> Data below
┄┄┄┄┄┄┄┄┄┄

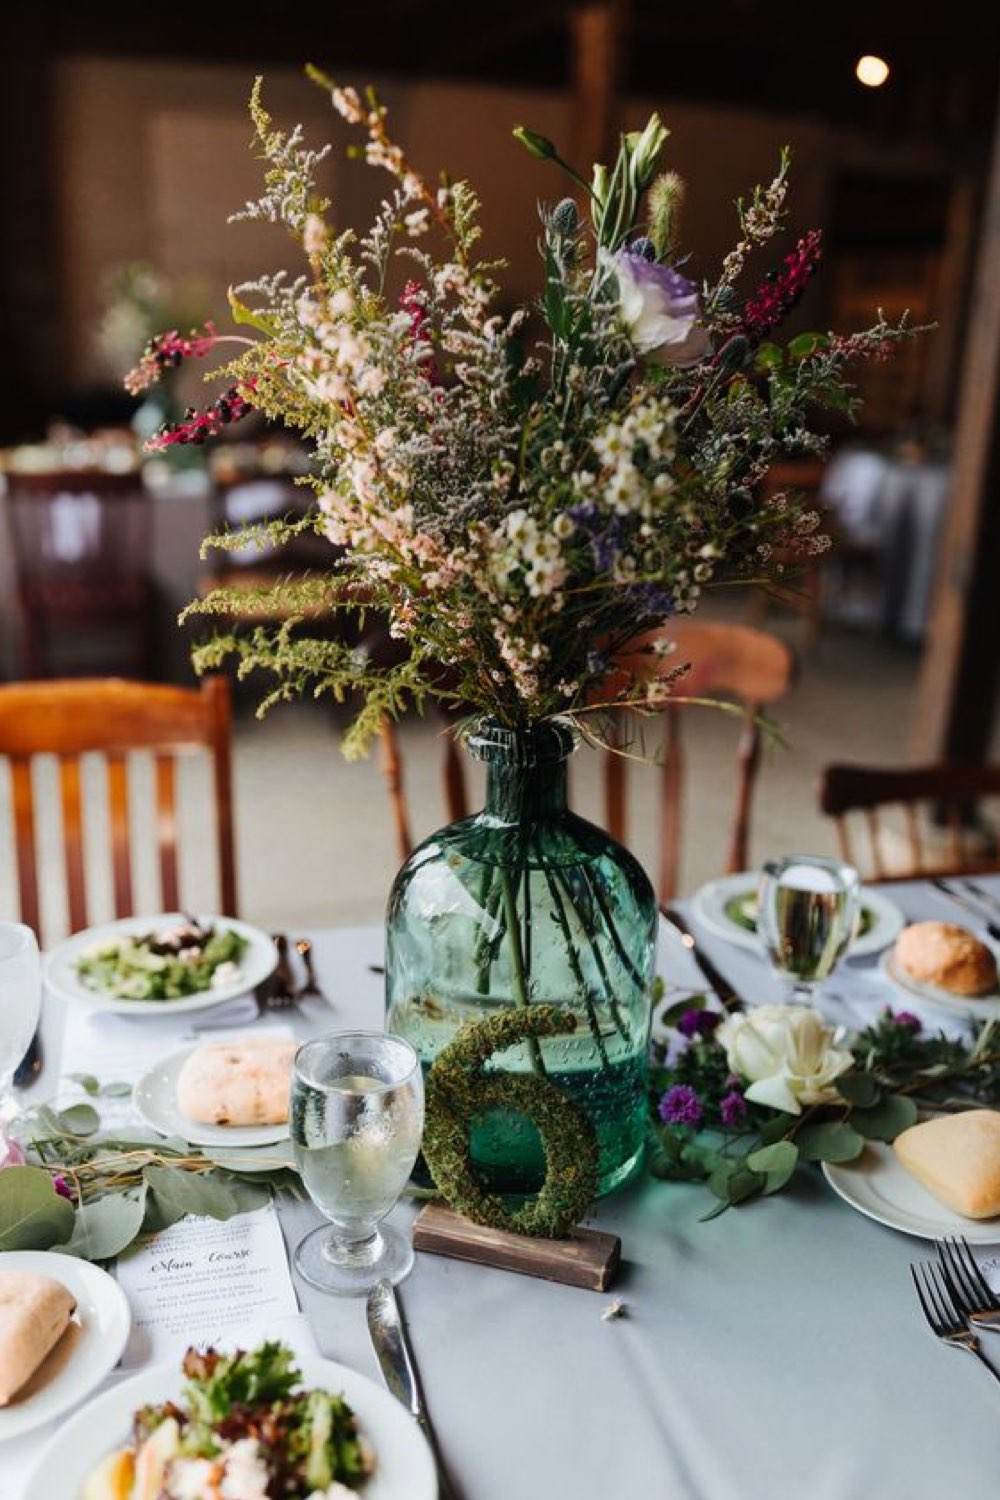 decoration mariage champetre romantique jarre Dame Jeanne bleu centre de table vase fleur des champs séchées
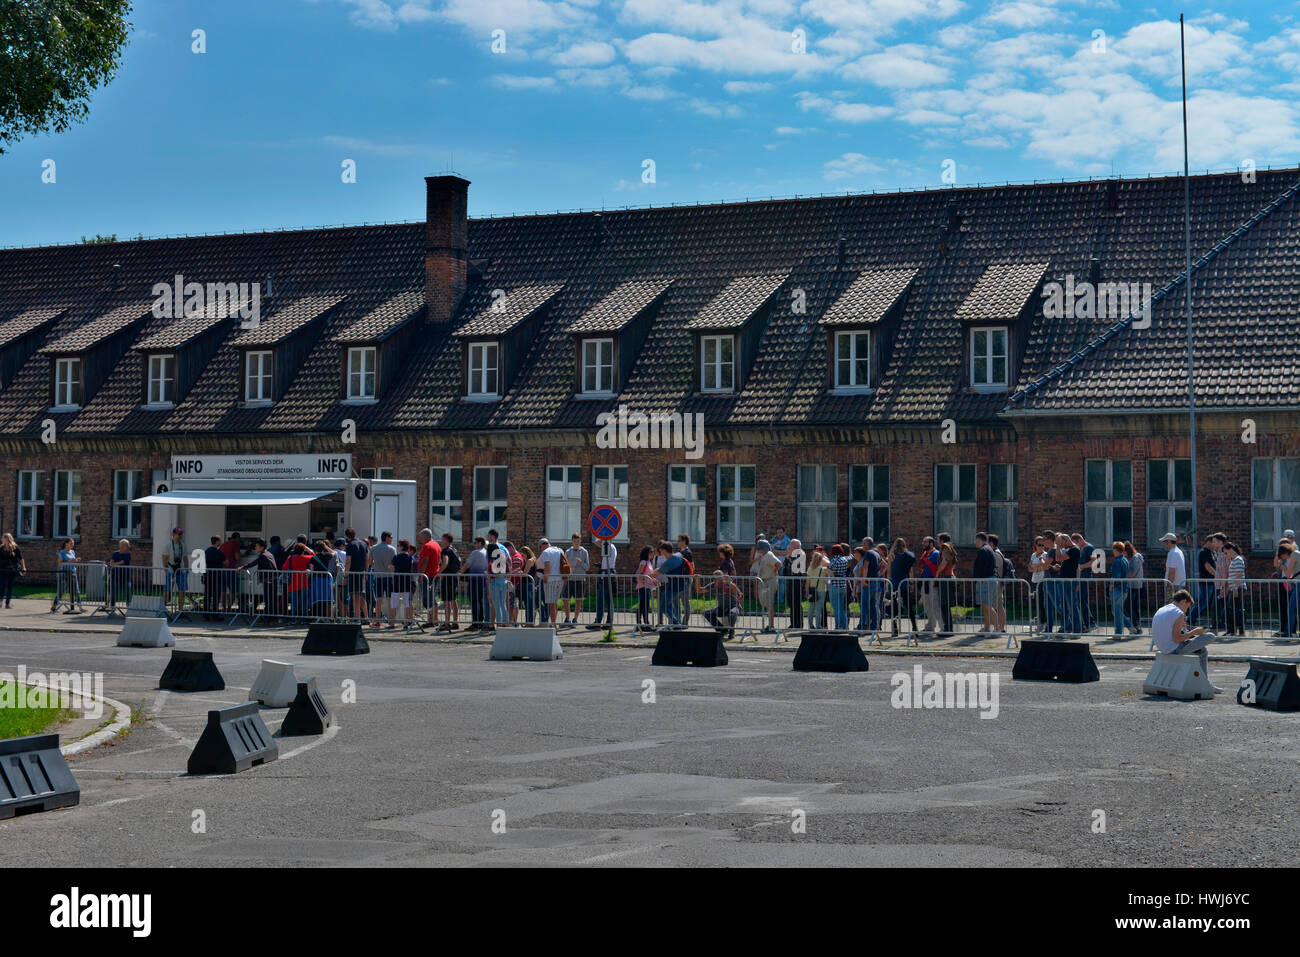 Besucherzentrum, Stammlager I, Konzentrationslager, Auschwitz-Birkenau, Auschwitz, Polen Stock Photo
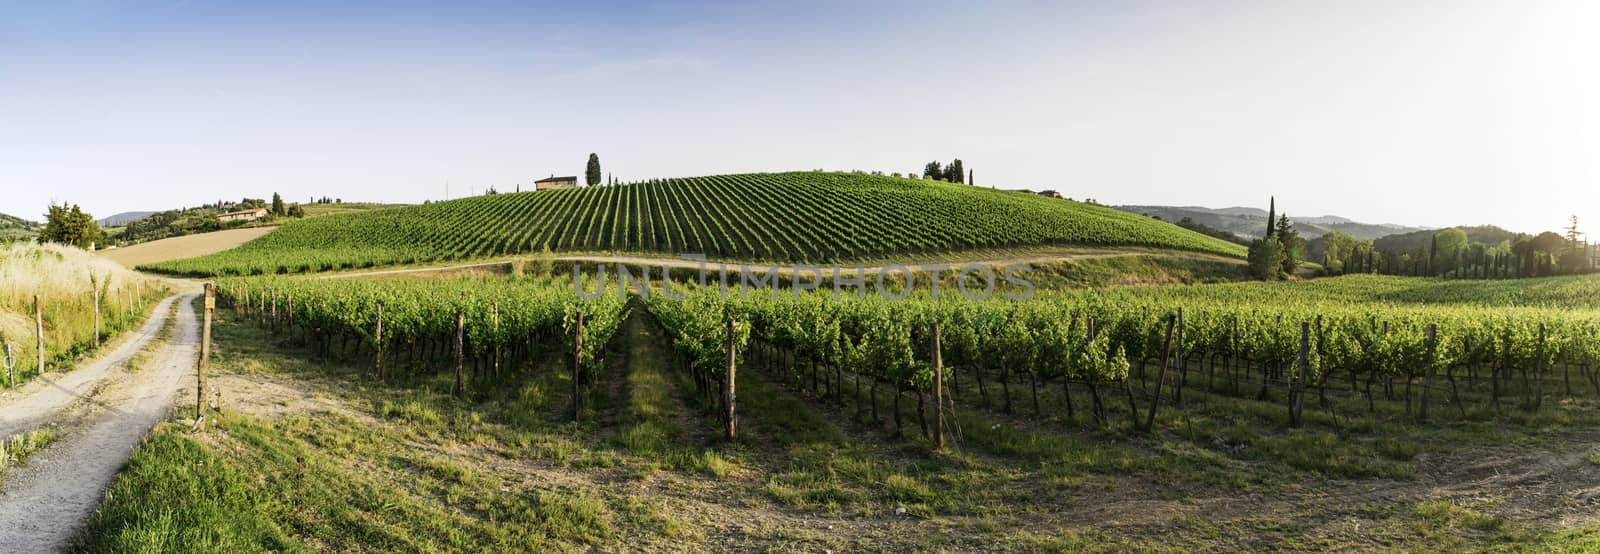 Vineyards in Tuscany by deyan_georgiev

┄┄┄┄┄┄┄┄┄┄

> What is required
The lines from the one containing "Polen Stock Photo" to the final line of the material, both ends included, should be retyped exactly and alone, with no pictures.

> Result of the task
 Besucherzentrum, Stammlager I, Konzentrationslager, Auschwitz-Birkenau, Auschwitz, Polen Stock Photo
 Vineyards in Tuscany by deyan_georgiev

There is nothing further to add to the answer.